Talk About Marriage banner
1201 - 1220 of 1263 Posts

· Premium Member
Joined
·
7,248 Posts
Well add me to the social media BS club. Discovered Odin has two other FB pages. Once we became friends on FB his other accounts began showing up on my suggested friends list. The one has lots of stuff he made public and it's selfie after selfie after selfie with a lot of over the top dramatic quotes with his pics. Literally nothing but selfies. He doesn't come off this way in person so I'm totally thrown off.

Instant turn off though, like a visceral reaction type of thing. I cannot respect a man, or anyone, who comes off as an attention seeker. I'm so disappointed. :(
Holy crap. I am convinced we're living in s world of narcissists.

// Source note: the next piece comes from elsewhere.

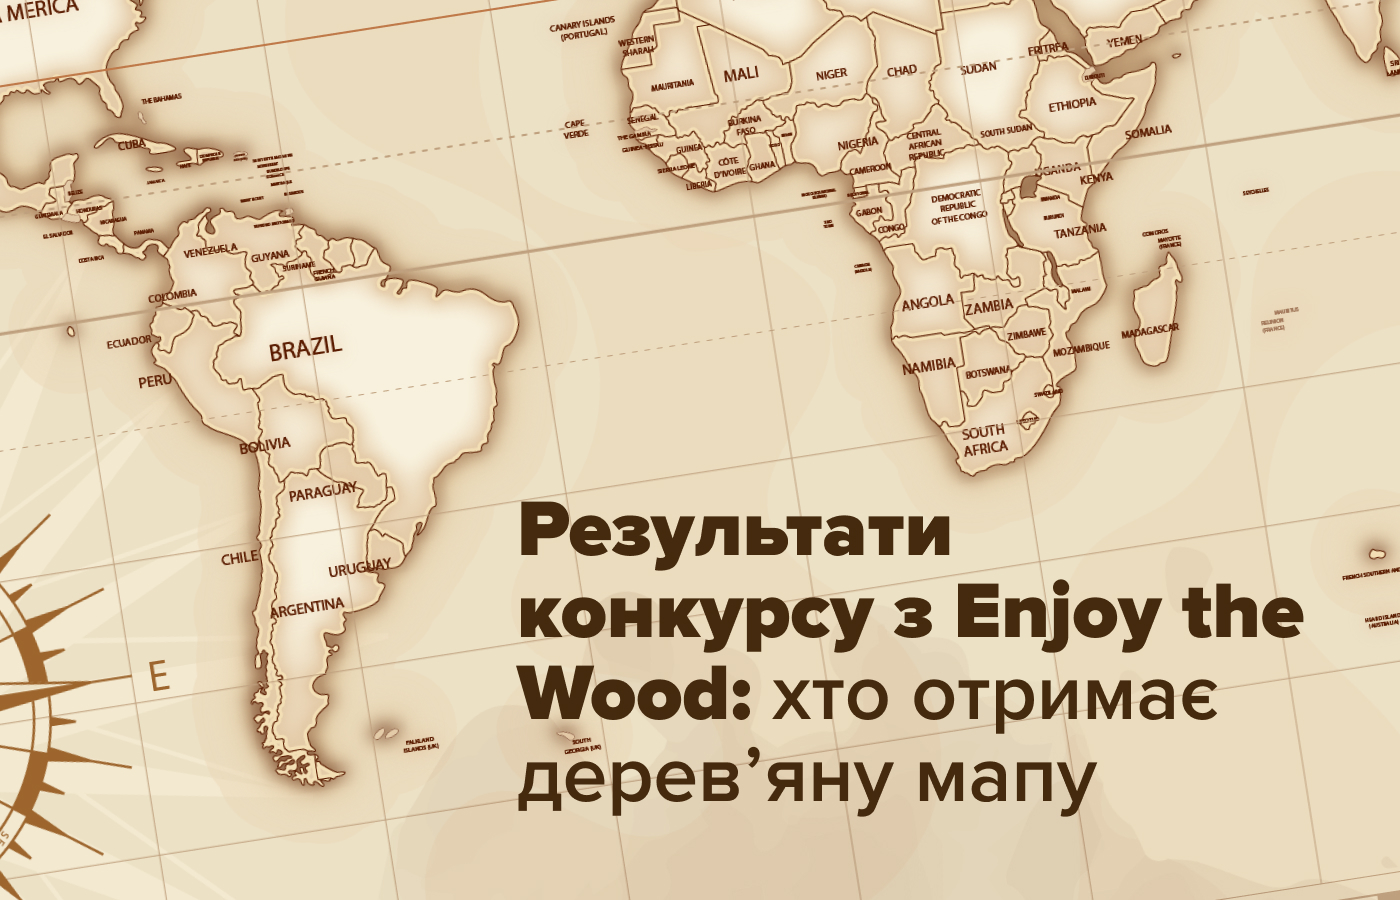 🗺 Rezuľtaty konkursu z Enjoy the Wood: hto otrymaje derev'janu mapu

This is one I would post on "are we dating the same guy". I'd be curious what's behind the two alt fb profiles.
 

· Premium Member
Joined
·
2,739 Posts
The one has lots of stuff he made public and it's selfie after selfie after selfie with a lot of over the top dramatic quotes with his pics. Literally nothing but selfies. He doesn't come off this way in person so I'm totally thrown off. :(
I suppose it is slightly possible these other two accounts are not his, but someone scamming on his identity (eg, set up another account under his name and copied pictures from his real accounts).

Not likely if the content doesn’t overlap.

Probably not as likely as someone really having multiple accounts for different purposes or “personalities”.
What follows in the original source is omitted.